Son yılların en görünmez, en derin yaralarından biri. Her gün kötü haberlere maruz kalıyoruz. Adına ister “hayatın doğal akışı” deyin, ister “kolektif bilinç uyarı veriyor” deyin… Sonuç aynı: Hiçbirimizin tam olarak güvende hissetmediği, her an bir şey olacakmış gibi tetikte yaşadığı bir atmosfere sıkışıyoruz.

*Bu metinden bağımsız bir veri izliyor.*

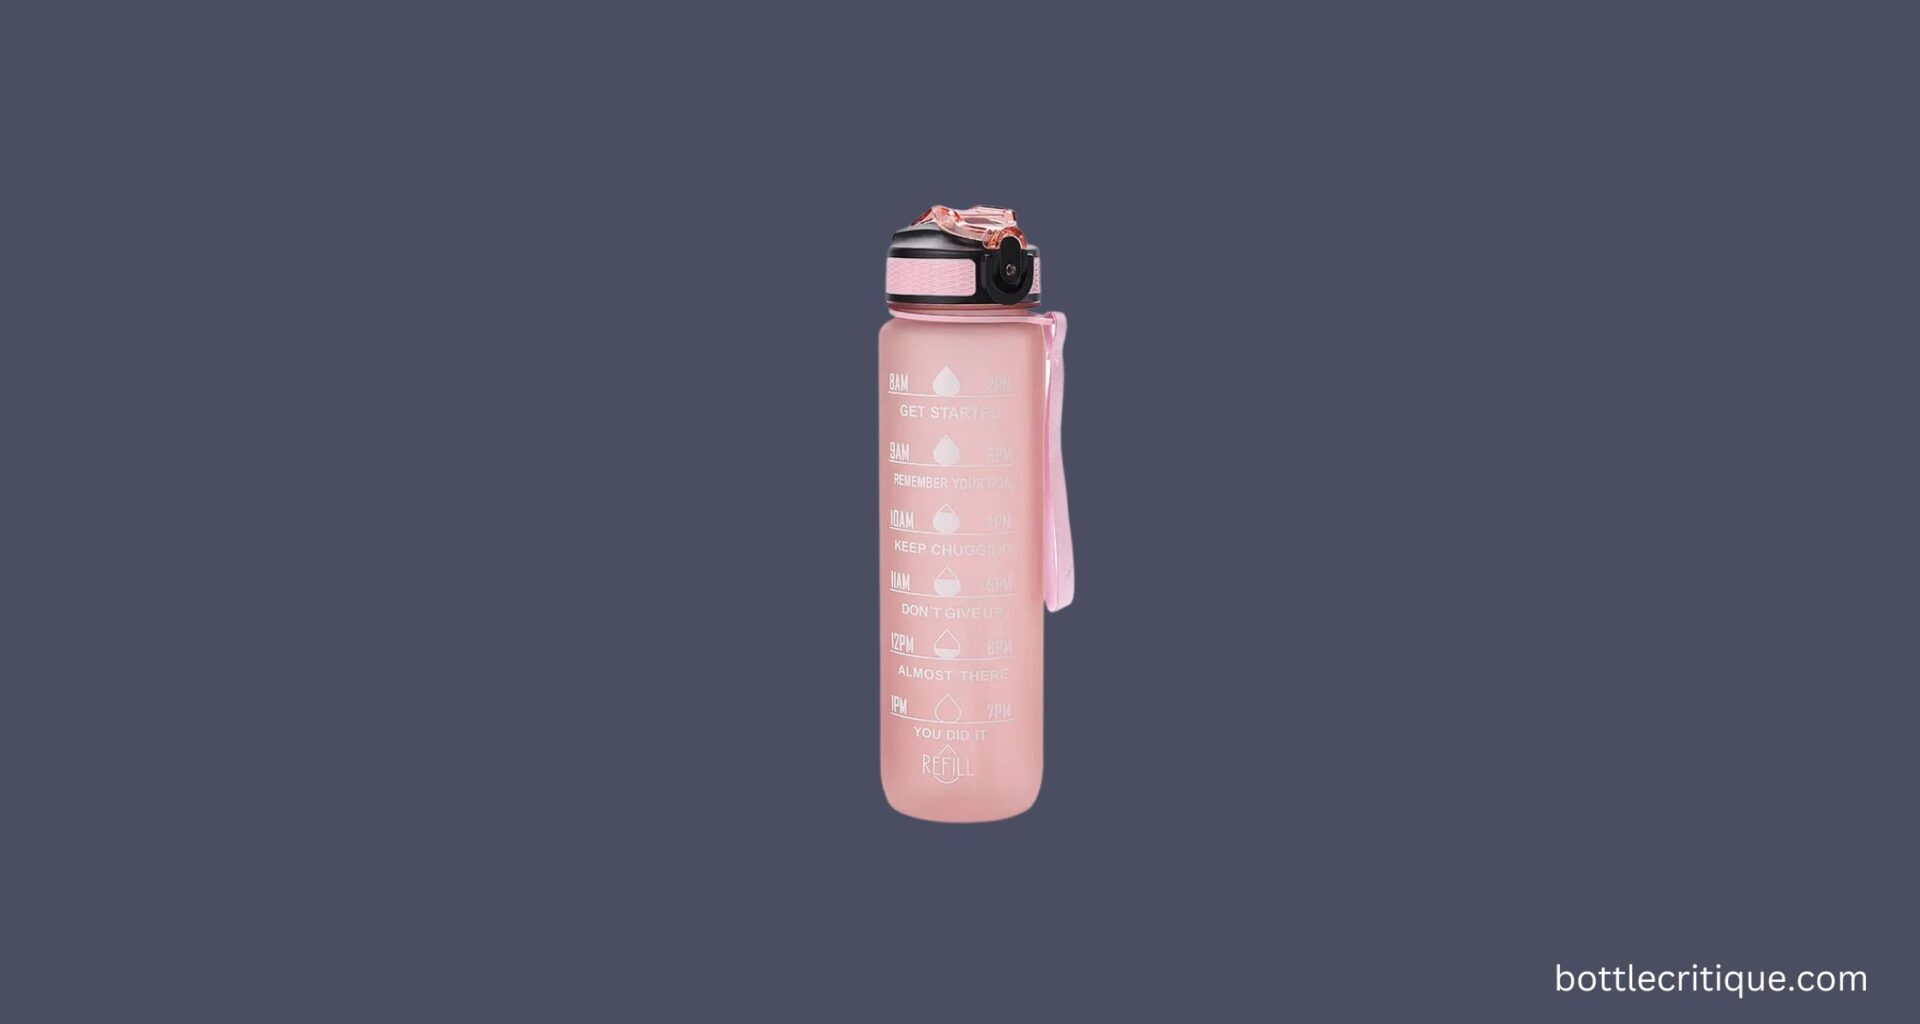 How to Use Tritan Water Bottle?

Sanki toplumun tamamının üzerine bir “hayatta kalma modu” yüklenmiş ve bir türlü kapatılamıyor. Uzun süre bu modda kalmanın bedeli ise sandığımızdan ağır: iç dünyamız yorgun düşüyor, düşünce kanallarımız daralıyor, hayaller bile “şimdi sırası değil” diye rafa kaldırılıyor. Ve ne yazık ki bu sınırlı düşünme halini fark etmeden çocuklarımıza, etrafımıza da öğretiyoruz.

Stresin uzun vadede yaptığı tam olarak bu:

Beyin ya savaşmaya kilitleniyor ya kaçmaya… üçüncü bir ihtimal olan sağlıklı değerlendirme neredeyse devre dışı kalıyor. Haberlerle ilişkimiz bile değişiyor. Bir görüntü mü manipülasyon, yoksa gerçeklik mi? Daha önemlisi: Biz gerçeğin neresindeyiz?

Kapanıyoruz.

Kabuğumuza çekiliyor, farklı sesleri tehdit gibi algılıyoruz. Herkes birbirine benzemeye başlıyor. Kimi zaman korkudan, kimi zaman yorgunluktan… Toplum iki renge sıkışıyor: siyah ve beyaz. Oysa diğer tüm renklerin es geçtiği bir dünyada, düşünce paleti sağlıklı kalabilir mi?

Kutuplaşmanın en tehlikeli yanı tam da burada:

Renklerin olmadığı yerde, insan kendi rengini bile taşıyamaz.

Oysa biz…

Tüm kırgınlığımıza, öfke yorgunluğumuza rağmen hâlâ bir renge sahibiz.

Herkesin kendi hikâyesinden süzülen, iç dünyasının derinlerinden gelen bir renk. Belki unuttuk, belki gömmeye mecbur kaldık. Ama silinmedi; sadece biriken gürültünün altında kaldı.

Bugün belki en çok buna ihtiyacımız var:

O gürültünün içinden kendi rengimizi çekip çıkarmaya…

Bireyselliği tehdit değil, zenginlik olarak görmeye…

Gerçeklik ile manipülasyon arasındaki sisin içinden kendi sezgimizi yeniden duymaya…

Çünkü başka bir ihtimal daha var:

Renklerini unutan bu zamanları, kendi rengimizi hatırlayarak aşmak.

Ve belki de asıl dayanıklılık, buna rağmen ayakta kalabilmekte.